Data mining in production management and manufacturing.
Matsi, Birthe ; Loun, Kaia ; Otto, Tauno 等
1. INTRODUCTION
Traditionally analysts have performed the task of extracting useful
information from recorded data. But the increasing volume of data in
modern business and science calls for computer-based approaches. As data
sets have grown in size and complexity, there has been an unavoidable
shift away from direct hands-on data analysis toward indirect, automatic
data analysis using more complex and sophisticated tools. Nowadays the
modern technology has made data collection as an almost effortless task.
However, the captured data needs to be converted into information and
knowledge to become useful. Data Mining (DM) is the entire process of
applying computer-based methodology, including new techniques for
knowledge discovery from data (Kantardzic, 2003).
DM is a general term, which encompasses a number of techniques to
pick out useful information from large data files and enables to sort
it.
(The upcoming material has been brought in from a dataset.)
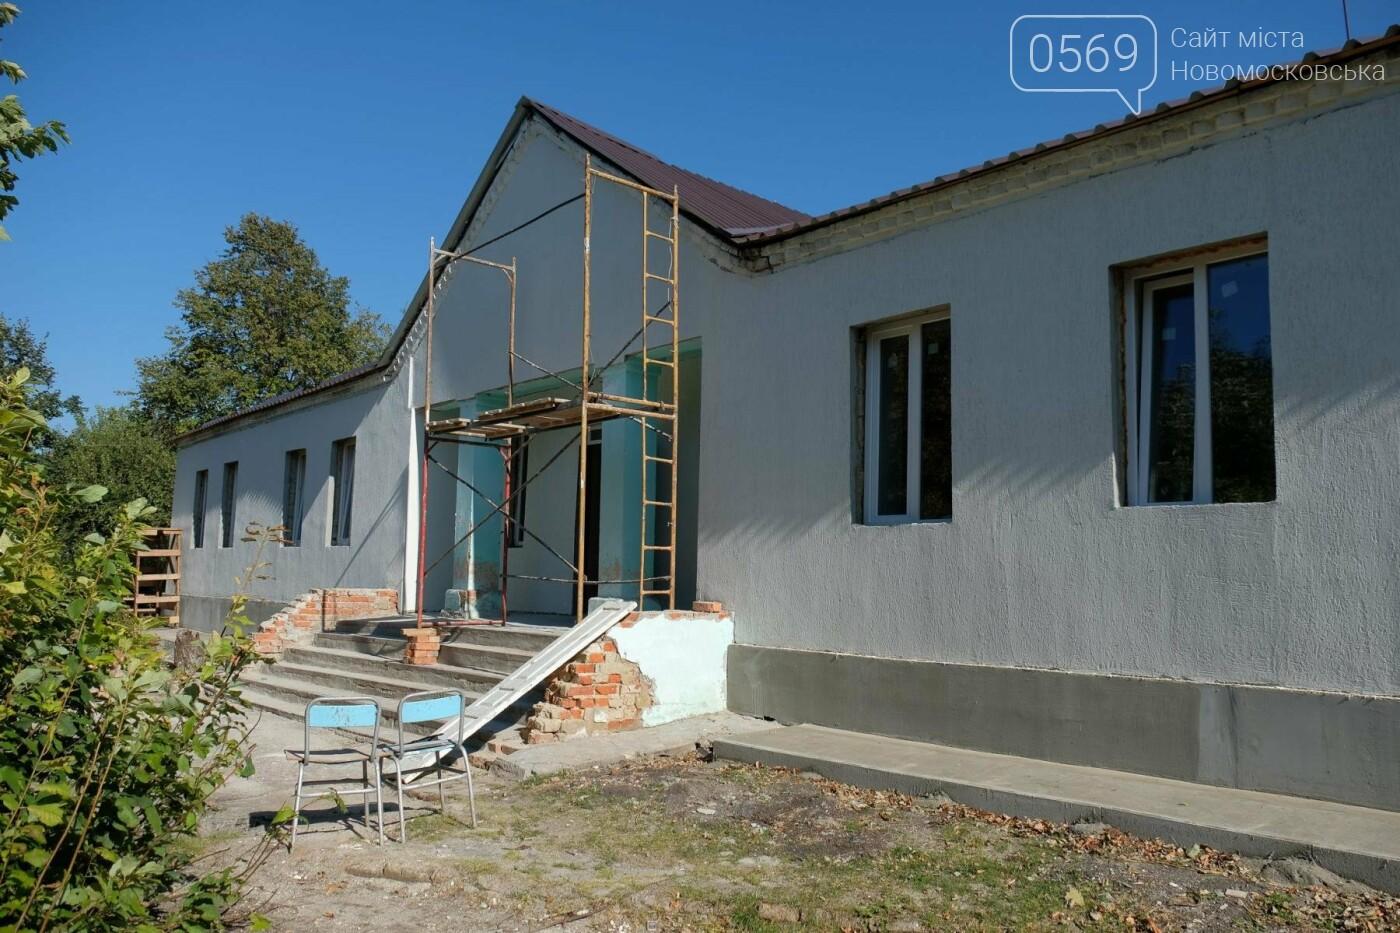 В Новомосковском районе реконструируют амбулаторию, фото-6

It is a new powerful technology for analyzing data from different
perspectives and summarizing it into useful information. It has been
also said that DM is the analyses of (often large) observational data
sets to find unsuspected relationships and to summarize the data in
novel ways that are both understandable and useful to the data owner.
Nowadays it is also very often known as Knowledge Discovery in Databases
(KDD) or simply Knowledge Discovery (KD), which enables to identify
trends within data that go beyond simple analysis and through the use of
sophisticated algorithms; users have the ability to identify key
attributes of business processes and target opportunities. DM is
predicted to be "one of the most revolutionary developments of the
next decade", according to the online technology magazine ZDNET News (February 8, 2001). In fact, the MIT Technology Review has chosen
the DM as one of 10 emerging technologies that will change the world.
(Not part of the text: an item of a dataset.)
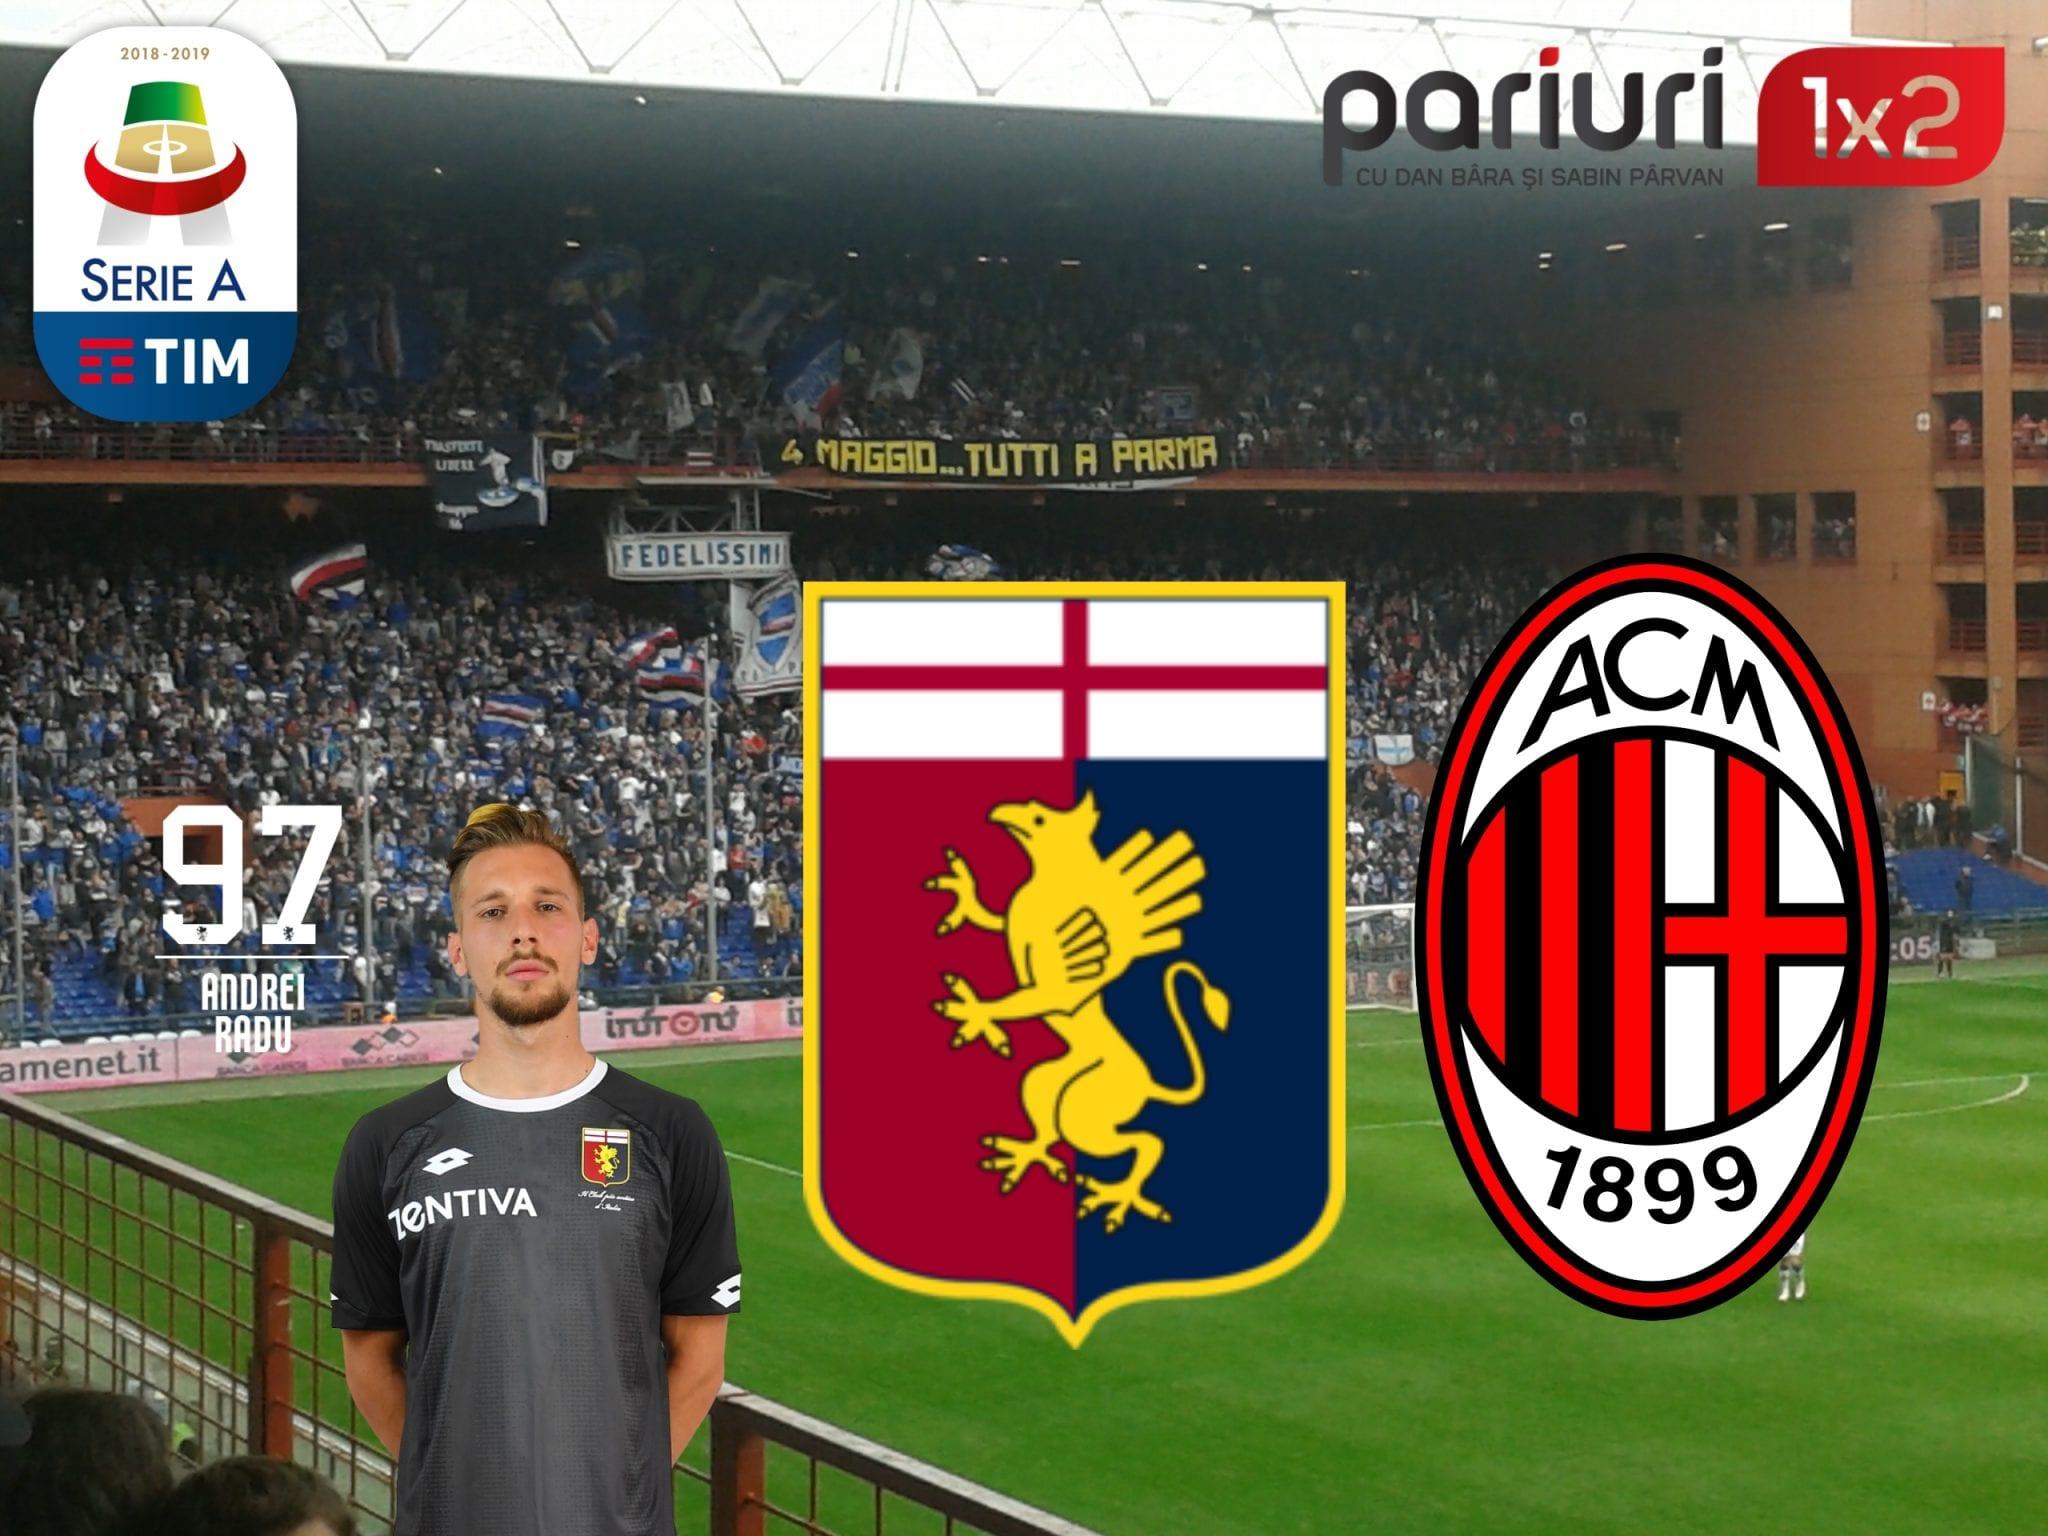 """Genoa – AC Milan» """"Diavolii"""" nu mai au scuza! Un scenariu favorabil oaspetilor vine in COTA 1.57!"""

DM has been used widely by companies with a strong consumer focus
like retail, financial, communication, and marketing organizations,
where it enables to determine relationships among "internal"
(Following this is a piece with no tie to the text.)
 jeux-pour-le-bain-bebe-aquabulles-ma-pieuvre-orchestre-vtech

factors such as price, product positioning, and "external"
factors such as economic indicators, competition, and customer
demographics (Hand et al., 2001).
There are many different possibilities for using DM but the most
frequent examples encompass mainly these applications:
* Rate customers by their propensity to respond to an offer.
* Identify cross-sell opportunities.
* Detect fraud and abuse in insurance and finance.
* Estimate probability of an illness re-occurrence or hospital
re-admission.
* Isolate root causes of an outcome in clinical studies.
* Determine optimal sets of parameters for a production line
operation.
* Predict peak load of a network.
[FIGURE 1 OMITTED]
The general Data Mining Process (DMP) includes six phases that
address the main issues in DM (Lentzsch, 2007). All these phases fit
together in cyclical process and cover the full DM process (see Fig 1).
In fact, the knowledge discovery activity could become the key
factor to innovation and business success (Kusiak & Smith, 2007).
Therefore DM could have a great potential also in manufacturing.
Data mining implementations in production management and
manufacturing is the key question of this paper.
2. DM IMPLEMENTATION IN PRODUCTION MANAGEMENT AND MANUFACTURING
2.1 Data mining in manufacturing
Products and components generate a data trail across lifecycle
phases such as market analysis, design engineering, manufacturing, and
service. DM algorithms extract knowledge from this large volume of data
leading to significant improvements in the next generation of products
and services. Integrating a DM framework within the manufacturing
information system enables to improve manufacturing decision making
process and enhance the productivity. It enables to analyze enterprises
opportunities and employee's skills and competences, find relations
between enterprises, customers and subcontractors, and make consequences
based on different data conjunctions.
In order to implement the DMP to the production management and
manufacturing sector, it is important to understand the business
problem--what we would like to do with all that data and also to
understand what that data is all about. It is obvious that all data need
to be in an easily accessible format and available from one central
database. It is often the case that relevant data files are stored in
several locations and in different formats and need to be pulled
together before analyses. The extracted information and knowledge can
assist the engineers as their reference and basis for advanced
investigation of the root causes of the defects (Larose, 2005). In
current case study is used data about the enterprises, their
technological capabilities, and employees' competences from three
different databases: Metnet, Innomet and Innoclus (see Fig 2). For data
analyzing the data understanding and preparation is unavoidable phases
in DMP. Also there is need to assess the data for the DM project. The
several aspects which should be considered are the followings:
2.2 Relevant factors covered by data
For making a DM project worthwhile, it is important that the data
contain all relevant factors/variables and is mutually joinable.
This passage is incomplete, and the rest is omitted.